# Non-Stick soap molds



## stacy adams (Oct 29, 2007)

On advice from Vicki in a previous thread, I ordered the ebay-store non-stick soap mold. Actually, it was two molds, two cutters, one regular the other wavy and the cutter board-stop-thing.. I realized that I haven't made soap in a while because I got so frustrated lining all my molds with plastic and taping it all down and then trying to get it all unstuck and then cut - and of course trying to get all those cut pieces the same size and always having a couple of tiny end pieces.. I am so excited!! 
I had gone through the _entire_ list of molds before settling on this one only because they swear it will never need a liner.. :biggrin


----------



## Sondra (Oct 25, 2007)

Congratulations!!
I lined my molds with silicone so no liners needed


----------



## stacy adams (Oct 29, 2007)

How did you do that??


----------



## Sondra (Oct 25, 2007)

Got a tube of silicone and used my fingers and smoothed it on.


----------



## NubianSoaps.com (Oct 26, 2007)

I am right this minute talking to someone who makes customs molds. I want a knock off of the martha molds but that pours more soap. I want to pour a single large slab of soap that after you pour and swirl you snap in the deviders that makes it 3 or 4 logs. The first one will be about $25 more than the others, but once this one is made, then everyone can order via my custom mold their own...or at least I am hoping this..I don't want to have to buy them and then send them and pay double shipping!

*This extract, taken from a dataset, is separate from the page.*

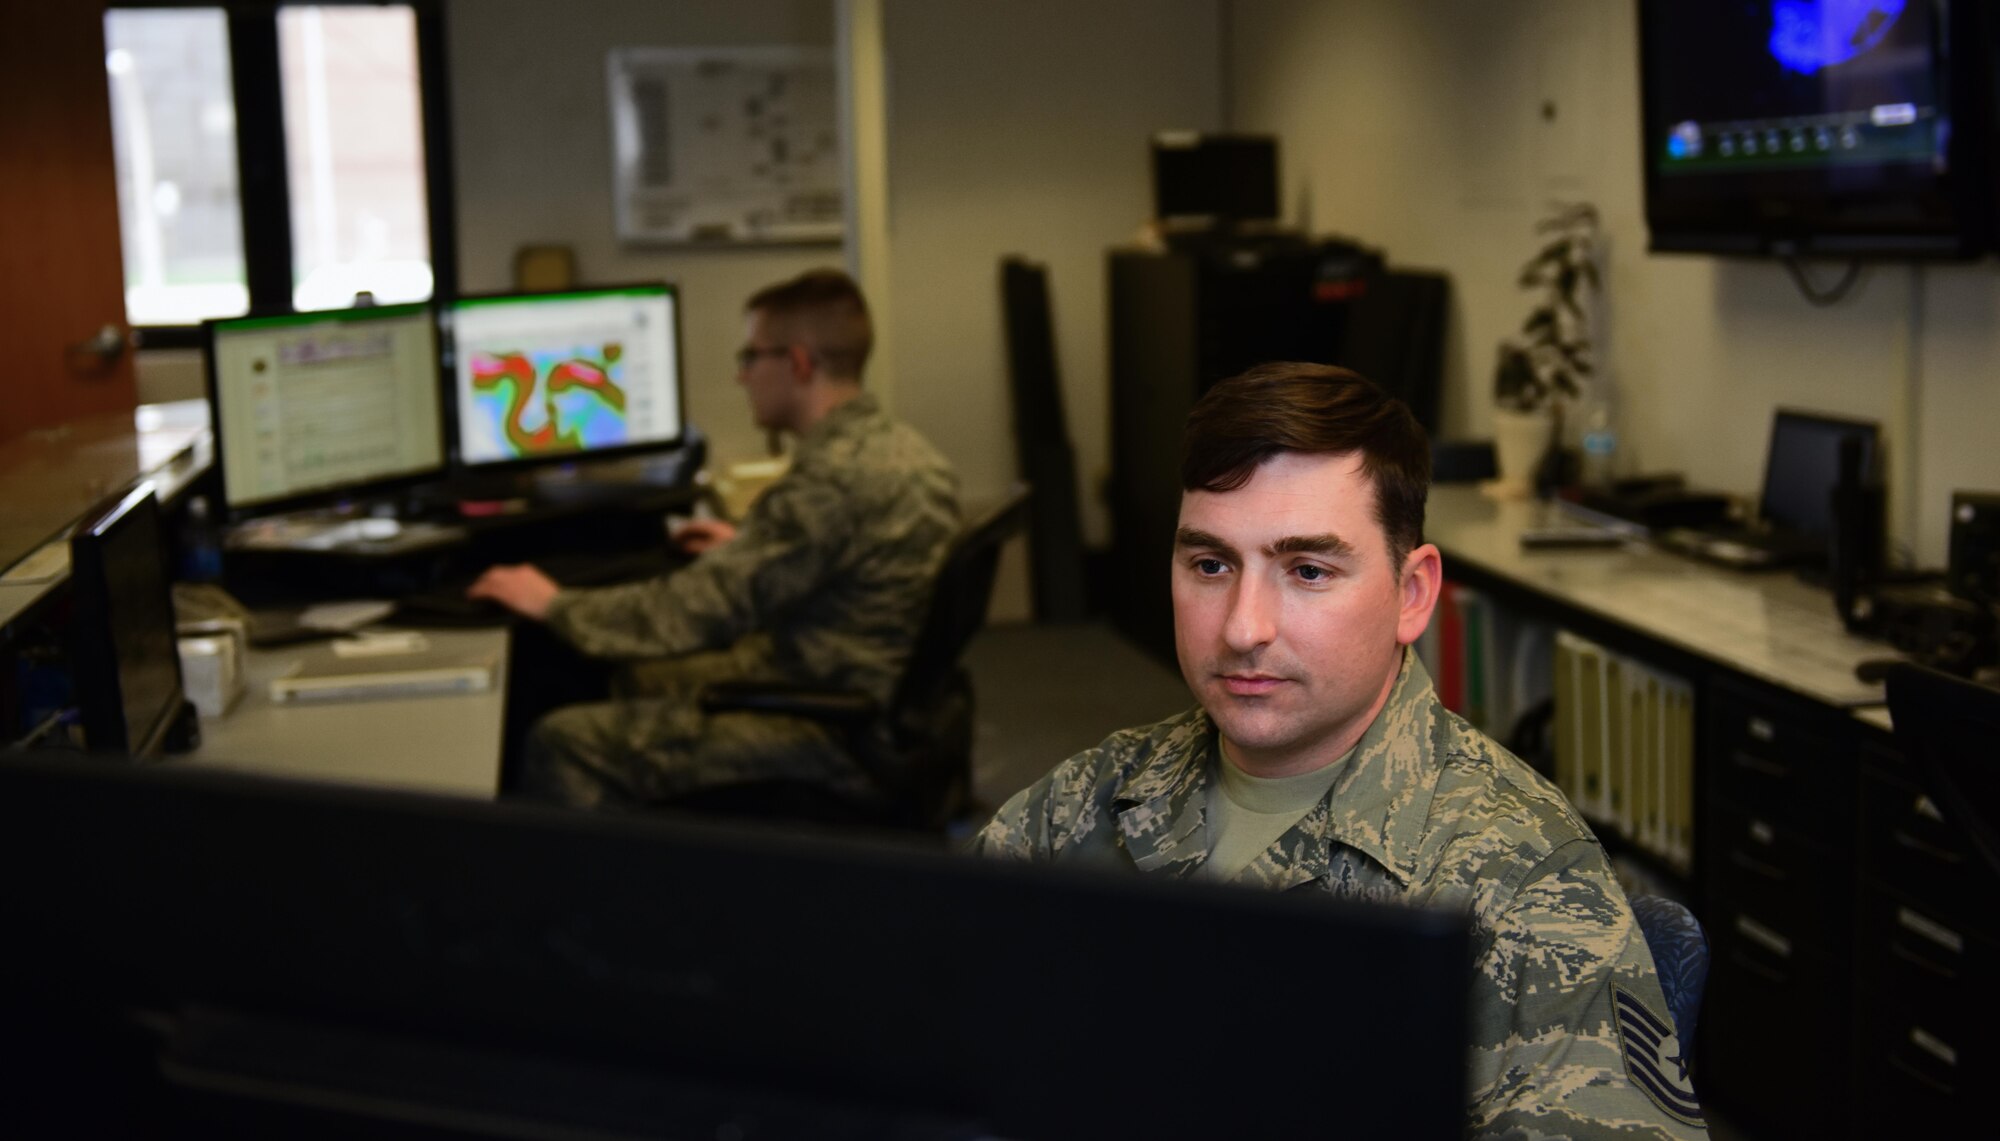 U.S. Air Force Tech. Sgt. Jon Stimmel Jr., right, the 509th Operations Support Squadron (OSS) NCO in charge of mission weather operations, develops a flying brief while Senior Airman Alex Knowles, left, a weather forecaster assigned to the 509th OSS, reviews the base forecast at Whiteman Air Force Base, Mo., March 28, 2017. The shop is divided into the mission operations and airfield operations sections, as well as a training. (U.S. Air Force photo by Airman 1st Class Jazmin Smith)

Everyone I have contacted who has their molds loves them, says in the beginning you may have to spray with fake pam or mold release but after the first time or so you never have to even after washing. That the deviders in the beginning are tight and you have a hard time snapping them in and out but afterwards you will love them. So, I will keep you all updated.

Sondra, I have my mold and my tubes and that is as far as it got with my kidding season from hell  Vicki


----------



## jimandpj (Mar 11, 2008)

Sondra - was it difficult getting the silicone smooth enough that you don't notice it in the final soap? Do you think it would work well with the Martha Molds? Mine have been used a lot and I'm noticing they're starting to stick a lot more.

Thanks,
PJ


----------



## Sondra (Oct 25, 2007)

no was not hard to do but like I said I used my fingers and wetted with water to smooth just like you would if you caulked a tub. nice and smooth. There is a thread in here I will go find so you can see the orginal topic.


----------



## Sondra (Oct 25, 2007)

http://dairygoatinfo.com/index.php/topic,1476.0.html


----------



## jimandpj (Mar 11, 2008)

Thanks Sondra, that was very helpful! 
PJ


----------



## Sondra (Oct 25, 2007)

my molds are curved so had to use my fingers.


----------